De acordo com os artigos da Lei nº 9.433/97, as águas são bens públicos de uso comum e não podem ser alienadas. Os terrenos de marinha e os marginais são considerados bens dominicais, que podem ser alienados. Ocorre que, a várzea é constituída por água – inalienável; e terreno de marinha – alienável. Eis a complexidade. É difícil permitir a alienação da parte que engloba e é adjacente à várzea, já que esta é terreno de marinha e incorpora a água (SURGIK, 2005, p. 26). Assim, a várzea comporta um sistema híbrido juridicamente. Essa peculiaridade deve ser considerada na gestão dos recursos comuns na várzea.

Os bens de uso comum, em tese, podem ser utilizados por qualquer sujeito em igualdade de condições com os demais membros de coletividade. Mas, pode haver hipóteses em que esses bens sejam utilizados por particulares com exclusividade. São três instrumentos estatais de outorga de uso privativo do bem comum – autorização, permissão e concessão.

Autorização de uso é o ato administrativo unilateral e discricionário, pelo qual a Administração consente, a título precário, que o particular se utilize do bem público com exclusividade (DI PIETRO, 2006, p. 658). Aqui a utilização não é conferida com finalidade pública, mas no interesse do particular.

A permissão de uso também é um ato unilateral, discricionário e precário, gratuito ou oneroso, pelo qual a Administração Pública faculta a utilização privativa de bem público, para fins de interesse público (DI PIETRO, 2006, p. 660). Aqui, o uso privativo do bem incidente sobre bens de uso comum do povo. A permissão é conferida no interesse predominantemente público.

Concessão de Uso é um contrato administrativo pelo qual o Poder Público outorga a terceiro a utilização privativa de bem público, para que este a exerça conforme a sua destinação.

É um direito pessoal, podendo ser oneroso ou gratuito. A concessão exige licitação.
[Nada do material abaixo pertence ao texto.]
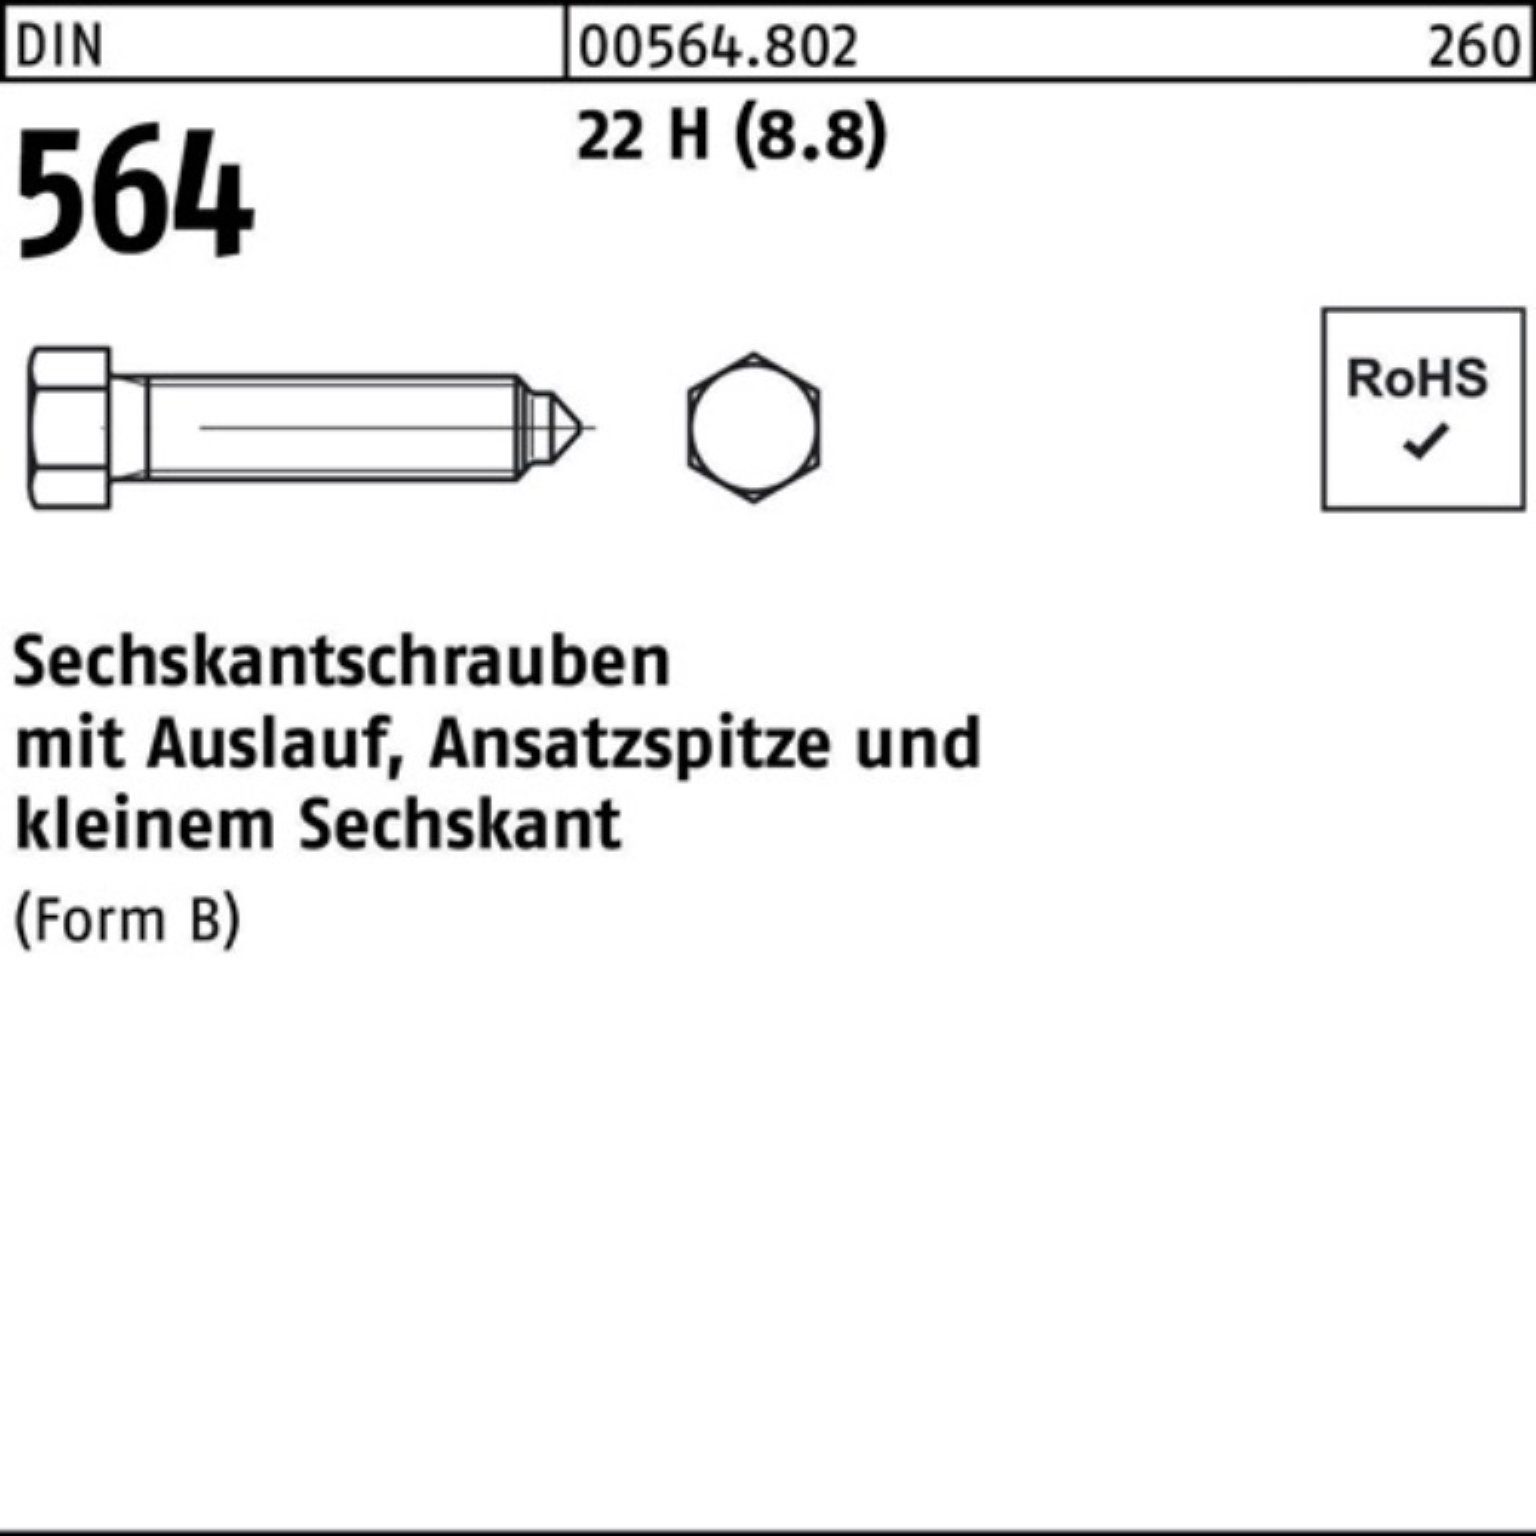 Reyher Sechskantschraube 100er Pack Sechskantschraube DIN 564 Ansatzspitze/Auslauf BM 24x 100 2

Quando a concessão implica utilização de bem de uso comum do povo, a outorga só é possível para fins de interesse público.

No contexto de reforma agrária, o Contrato de Concessão de Uso é um documento provisória utilizado pelo Poder Público para “permitir a uma família beneficiária de terras pela reforma agrária os direitos de uso de uma terra e seus recursos naturais” (CARVALHO et al., 2013, p. 27)

Os bens dominicais podem ser utilizados por particulares por meio do instrumento da Concessão de Direito Real de Uso - CDRU. Segundo Di Pietro (2006), esse instrumento caracteriza-se por ser direito real resolúvel, que se constitui por instrumento público ou particular sendo inscrito e cancelado em livro especial. Poder ser remunerada ou gratuita, por tempo certo ou indeterminado e a sua finalidade só pode ser a que vem expressa no artigo 7º, caput do Decreto-Lei nº 271/67 – urbanização, industrialização, edificação, cultivo da terra, ou outra utilização de interesse social. É transferível por ato intervivos ou causa mortis e resolúvel, antes do termo se o concessionário der ao imóvel uma destinação diversa da estabelecida no contrato ou termo, ou descumprir cláusula resolutória do ajuste, perdendo, neste caso, as benfeitorias de qualquer natureza (DI PIETRO, 2006, p. 667).

No caso da várzea, os institutos mais adequados para que o Poder Público faça a cessão para o uso privado são: a Concessão de Uso, a Concessão de Direito Real de Uso e o direito de superfície. O uso desses instrumentos depende do interesse público e a limitação legal (BENATTI, 2005). Qualquer que seja a possibilidade de uso de várzea, o domínio é sempre da União e a transferência do usufruto para o ocupante se fará pelo contrato administrativo, assegurando os interesses ambientais da sociedade.

Enquanto os interesses ambientais da sociedade forem mantidos, o direito de uso não predatório de várzea é garantido aos beneficiários do contrato de concessão. Assim, enquanto o uso adequado da área, conforme o contrato, não for violado, os herdeiros dos beneficiários também possuem o direito de uso da área dentro de vigência do tempo do contrato (BENATTI, 2011). Mas por descumprimento das cláusulas do contrato, a área retorna para o domínio da Administração Pública.